A Day of Leading-edge Thinking

Today I attended two tech events at MIT in Cambridge, MA that coincidentally aligned on the same day.

So much of my time this past year building Sonian has been working with a virtually distributed workforce across multiple timezones. We leverage the many great hosted workspace tools and real-time chat to stay in sync, and keep the communication flowing. So it’s refreshing to get out of the virtual and into the 3-d physical world for some good old-fashioned idea sharing.

This morning I attended the MIT Enterprise Forum’s “Fireside Chat” with Ann Winblad, co-founding partner of Hummer Winblad Venture Partners.

Some interesting ideas flowed from this discussion. There was a lot of validation from the investor community about the role of software as a service (SaaS) to solve mid-market IT problems. Sonian’s built on this premise, and we know we’re on the right path to big time successes. The amount of innovation coming from the SaaS providers is quickly eclipsing the traditional installed software vendors. You can see this trend looking at the attendees for two recent developer conferences. Salesforce.com’s “Dreamforce” developer conference and Intel’s developer conference occurred at the same time in adjacent venues. These events by their very core nature cater to different audiences, so it wasn’t a problem to deice which event to attend. Your either in one camp or another.

Salesforce attracted seven thousand people interested in developing applications on the Salesforce hosted platform. Intel attracted five thousand developers wanting to know all about the latest in writing code for Intel CPUs. I thought this was a very interesting and note-worthy observation. I’m saving more discussion on this topic for future blog posts.

The second event was an Amazon Web Services (AWS) five-hour mini boot camp on working with their various web services. I was really looking forward to this event in order to meet many Amazon Web Services executives that I only knew by email and phone. Although we have been using their services for many months now, any time an opportunity is available to make in-person connections with a valued business partners should be taken advantage of.

Amazon’s Web Services business unit (AWS) is a bit of an enigma for most who haven’t been following the latest SaaS trends. AWS operates almost like a separate entity from the larger e-commerce operations. AWS is creating discreet web service building blocks (storage, compute, queuing) out of core Amazon technology that has been tested in real-time, real-world conditions. These building blocks can be used to create an infinite number of technology solutions to solve critical business problems.
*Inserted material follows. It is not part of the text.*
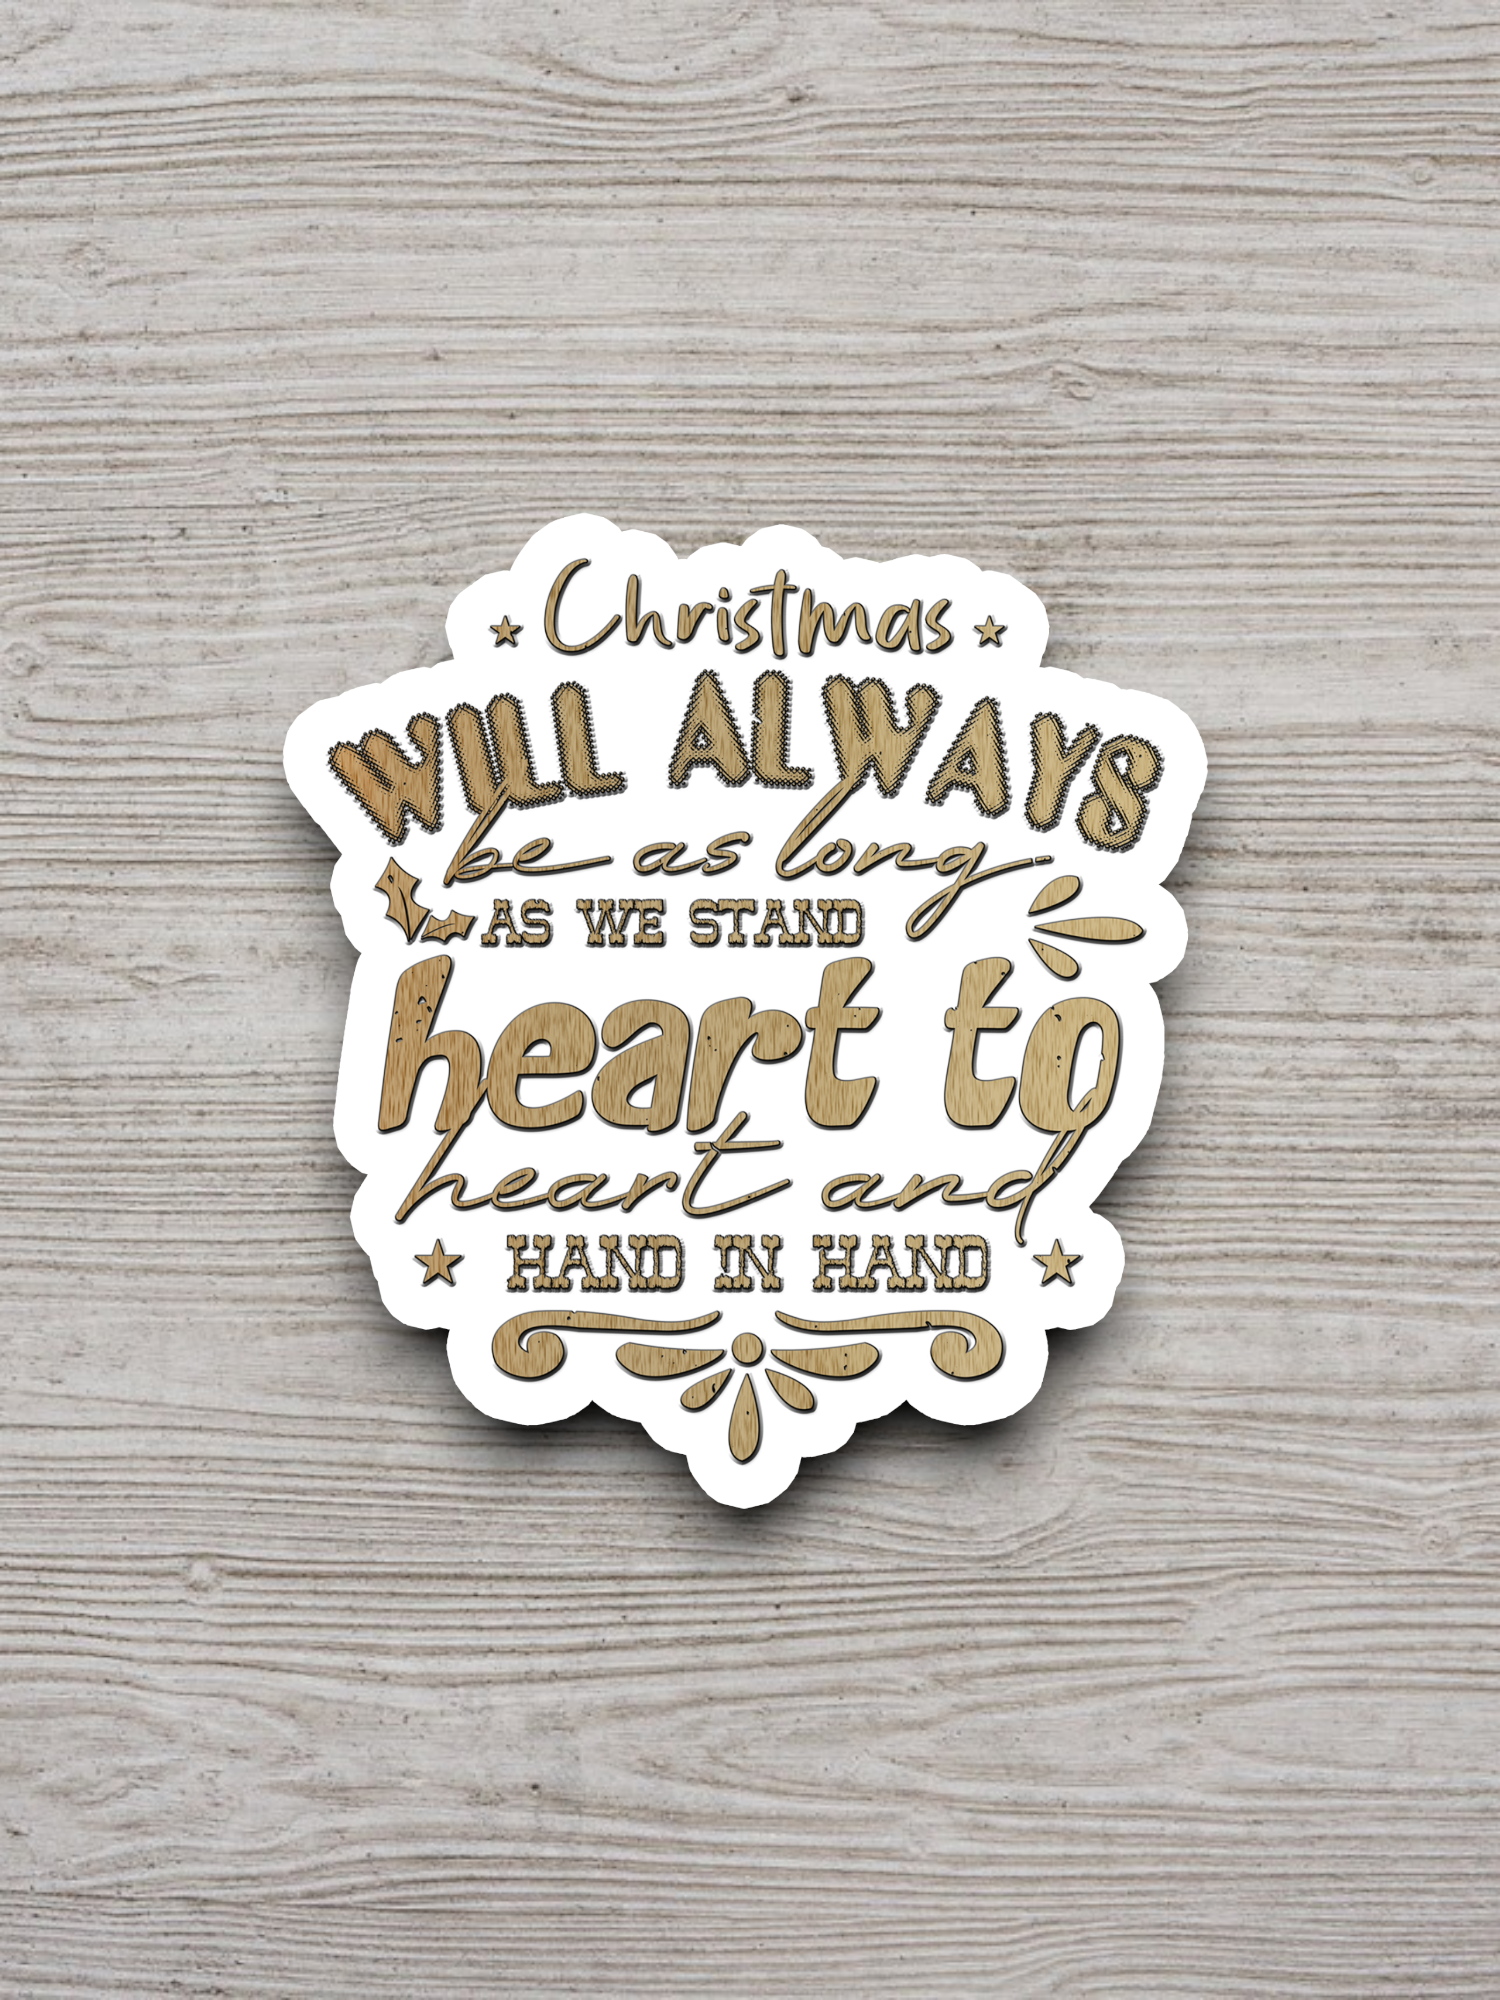 Christmas Will Always Be As Long As We Stand Heart To Heart And Hand In Hand Sticker
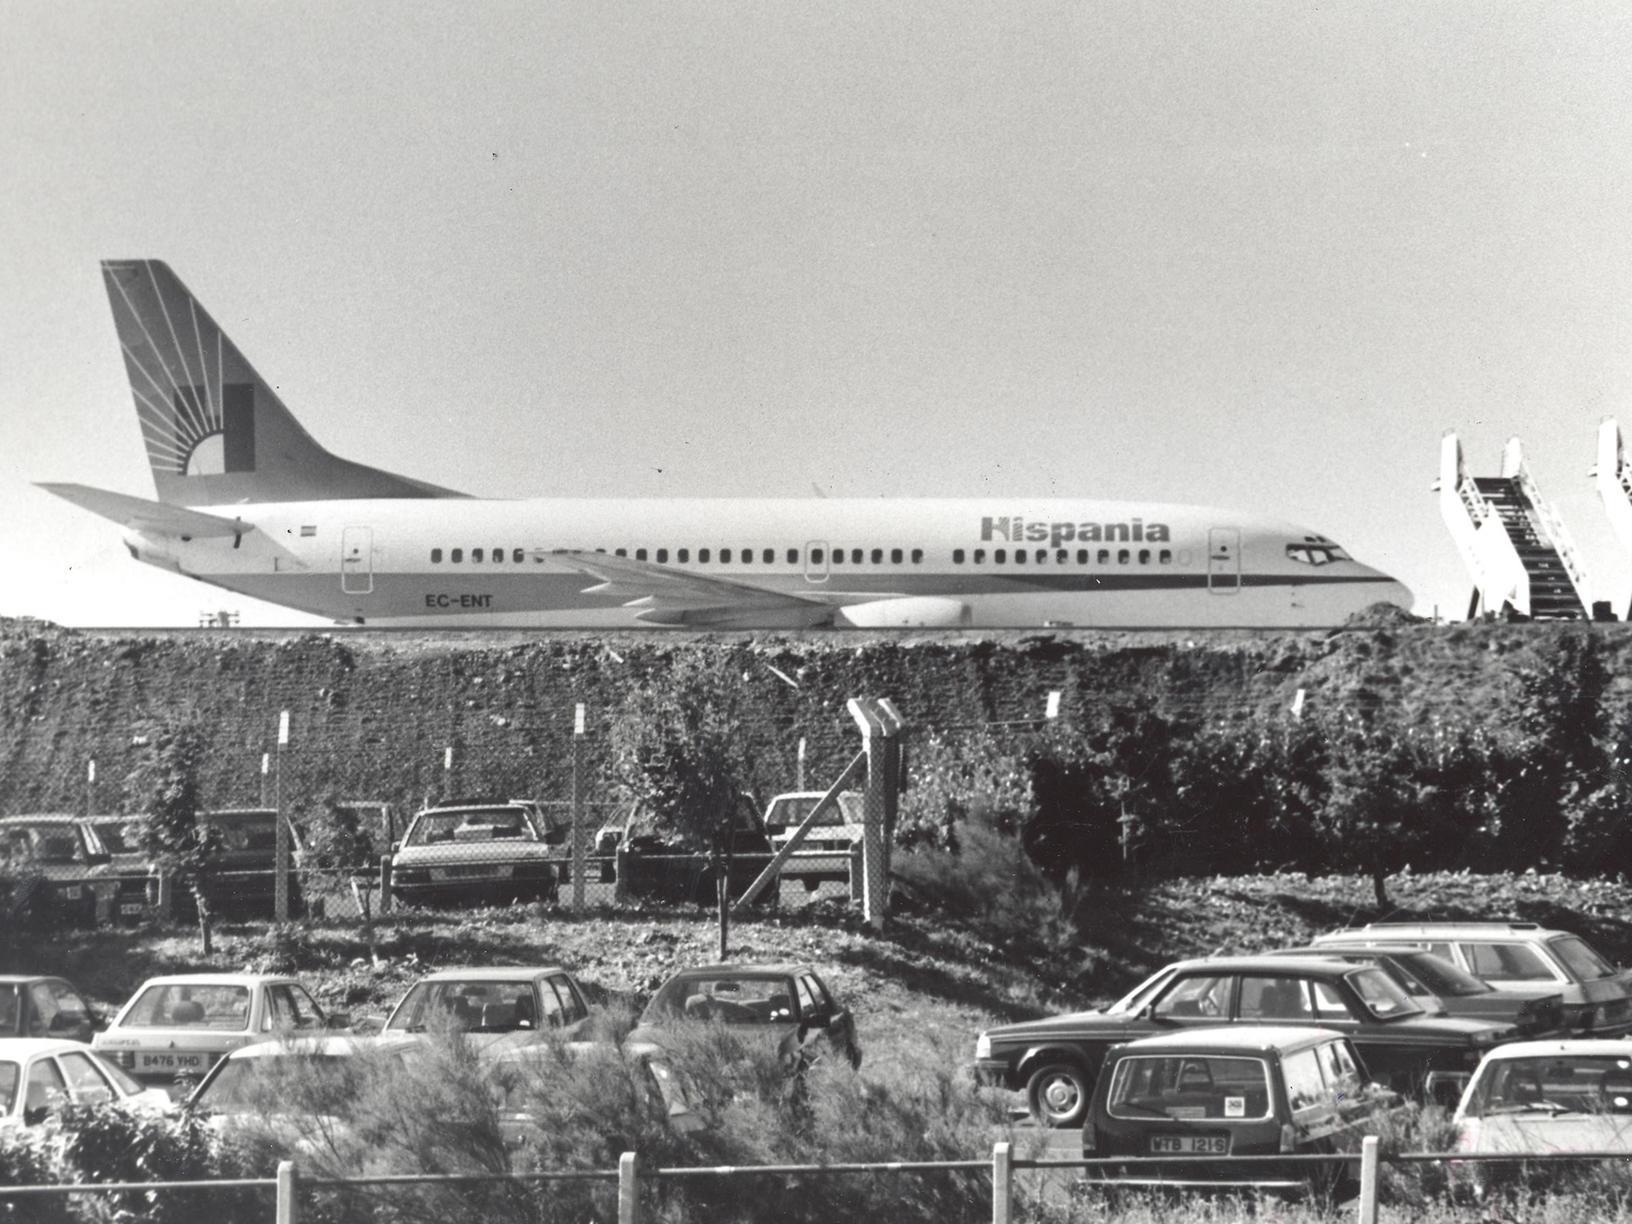 The plane was impounded at Leeds Bradford Airport and going nowhere in the summer of 1989.

These building blocks are like natural resources that can be harnessed to solve IT problems more elegantly and cost effectively for both the customer and the service provider. It’s a Win Win situation. The solutions launched from the AWS environment can be targeted at any audience, whether it be social networking, media management, or enterprise IT.

The next wave of enterprise IT innovation will be built on these types of scalable, reliable platforms.

Sonian has created a digital content archive platform with the AWS modules and we are using this platform to solve the near-term email archive problem, while also planning to offer archiving for IM, SharePoint, wiki’s, blogs and file systems. Sonian is the durable search able enterprise repository.

Future blog posts will expand on AWS and the benefits of using grid computing to manage archival data.